That's just ****ed up. Blockading someone from work over a piece of bloody paper!

JUST MAKE UP A REFERENCE!! it's not some government court approved and stamped, notarised document! It's literally a handwritten letter or an email, ****ing stupid rofl
Calling would have been the better solution. Email works in some situations but not others.
If you feel you lack confidence then get one of your parents to do it.
Original post by SarcAndSpark
Could the emails be going to her junk folder?

I would call her- rather than text or email- and talk through the situation. If she can't find the email, maybe talk her through looking in her junk folder, or maybe ask her to email someone at the shop so that they can send the email in reply to her.

If she just hasn't got around to it yet, asking her nicely over the phone may be enough to get her to commit.

Or maybe they're asking her to do something a lot more onerous and involved than she expected and she's now no longer up for it? In which case, at least you'll know and you can move forwards and see if the shop can hold a position for you until September when someone from college can reply.

The thing is, your college teacher is likely to have some experience giving references, and also is probably not very busy at the moment. This woman may have never given a reference before and be nervous about doing it or just have other priorities.

You can't make her do it, but I'd suggest calling her as a last attempt to get her to do it.

If I feel too scared to text her, how can you expect me to call her? I give up
Original post by Anonymous
If I feel too scared to text her, how can you expect me to call her? I give up


If you're not willing to contact her, how do you expect to sort the situation out?

If you feel genuinely scared about sending her a polite text, I'd suggest that sorting out your anxiety should be your priority, before worrying about looking for a job.
Original post by SarcAndSpark
If you're not willing to contact her, how do you expect to sort the situation out?

If you feel genuinely scared about sending her a polite text, I'd suggest that sorting out your anxiety should be your priority, before worrying about looking for a job.

I have texted her 3 times in a row without a response, even people without anxiety would feel uncomfortable with phoning them after that.
My anxiety is a lot better than it was a few years ago. I need to stop being a pussy and sort out my life. First priority is getting customer service experience so that maybe finally one day I will get a real part time job and earn money. What other people get straight out of secondary school is still a distant dream for me even as a nearly 19 year old. I need to fix my life, not pop pills that will make my brain slow.
Original post by Anonymous
I have texted her 3 times in a row without a response, even people without anxiety would feel uncomfortable with phoning them after that.
My anxiety is a lot better than it was a few years ago. I need to stop being a pussy and sort out my life. First priority is getting customer service experience so that maybe finally one day I will get a real part time job and earn money. What other people get straight out of secondary school is still a distant dream for me even as a nearly 19 year old. I need to fix my life, not pop pills that will make my brain slow.


They might feel uncomfortable, but they'd probably get on with it and do it in this situation, because they need the reference. If you want to be successful in a job, you'll need to be able to deal with things you find uncomfortable sometimes, especially in customer service.
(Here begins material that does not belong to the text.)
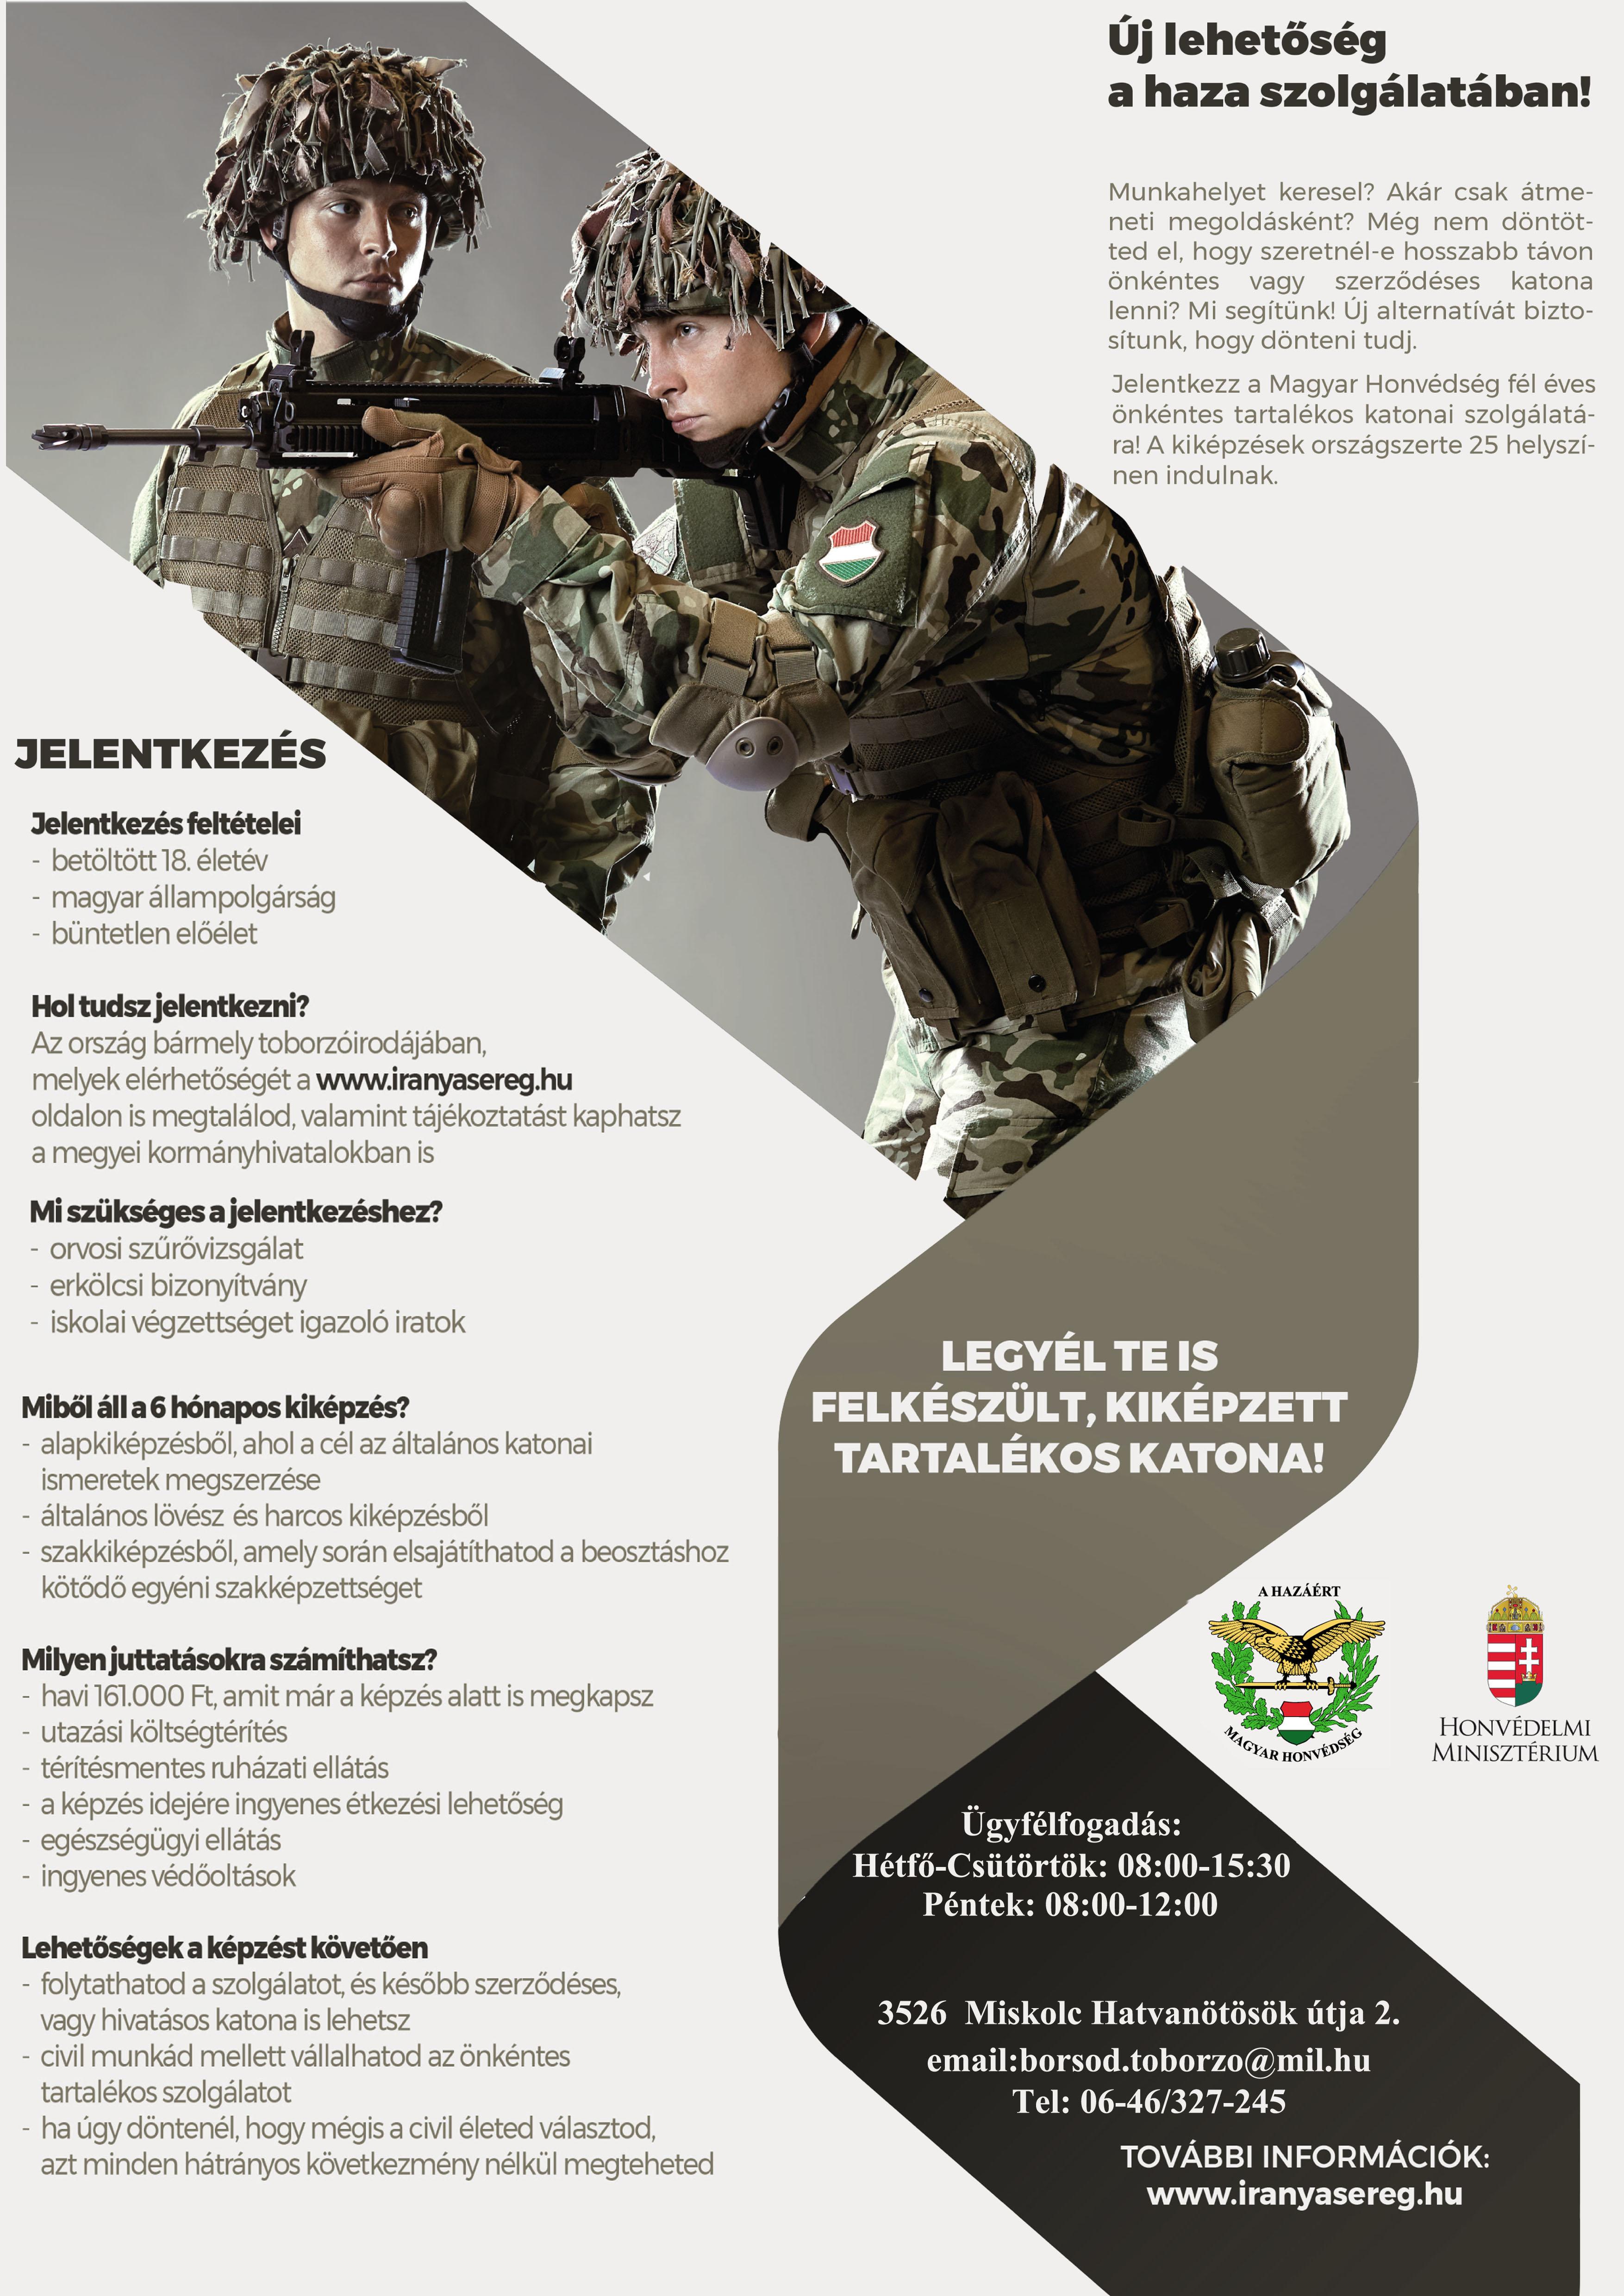 a katona további jövedelem megszerzésének tilalma

There are lots of different treatments for anxiety out there, and I really do think you should try to speak to someone about them, because they could make a real difference to your life.
Original post by SarcAndSpark
They might feel uncomfortable, but they'd probably get on with it and do it in this situation, because they need the reference. If you want to be successful in a job, you'll need to be able to deal with things you find uncomfortable sometimes, especially in customer service.

There are lots of different treatments for anxiety out there, and I really do think you should try to speak to someone about them, because they could make a real difference to your life.

Then I have no choice but to give up. None of these solutions are possible for me. I can't believe life is so difficult and demanding that even someone with mild anxiety can't participate or function. I wonder how people with real problems manage. I completely give up.
Original post by Anonymous
Then I have no choice but to give up. None of these solutions are possible for me. I can't believe life is so difficult and demanding that even someone with mild anxiety can't participate or function. I wonder how people with real problems manage. I completely give up.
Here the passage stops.